All these pictures make me want to go to my happy place.... :?


----------



## pr1nc3ss (Feb 27, 2012)

There was a front grille on eBay this week I was watching. Said that the seller had reduced the asking price but even at £100 it didn't sell!


----------



## DuTTchNL (Sep 18, 2010)

I just fell head over heels in love... What a body... That curves..


----------



## tony_rigby_uk (Nov 27, 2008)

http://www.ebay.co.uk/itm/AUDI-TT-0...r_Truck_Parts_Accessories&hash=item2573912a7f Cheap Enough :wink:


----------



## Duggy (May 17, 2005)

I want that grille so much, but I'd pass on the rest of it!!


----------



## YELLOW_TT (Feb 25, 2004)

TTSPORT666 said:


> tony_rigby_uk said:
> 
> 
> > and this was someone trying to copy a wide kit:-
> ...


I think this is more a copy of the German touring TT still not a good look


----------



## chamberlaintt (Dec 21, 2013)

R5T said:


> btw, Best aftermarket TT Mk1 rear spoiler.

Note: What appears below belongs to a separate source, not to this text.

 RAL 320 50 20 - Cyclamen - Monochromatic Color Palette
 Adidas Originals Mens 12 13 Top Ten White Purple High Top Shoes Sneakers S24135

Hey guys does anybody know if you can buy these skirts just the black addon bit???? If so were


----------



## YELLOW_TT (Feb 25, 2004)

They look like the skirts that were fitted to Calibra


----------



## iamneallyons (Mar 20, 2016)

the rear diffuser is the only piece i like on this, its actually a really nice piece that diffuser - are they still available anywhere?


----------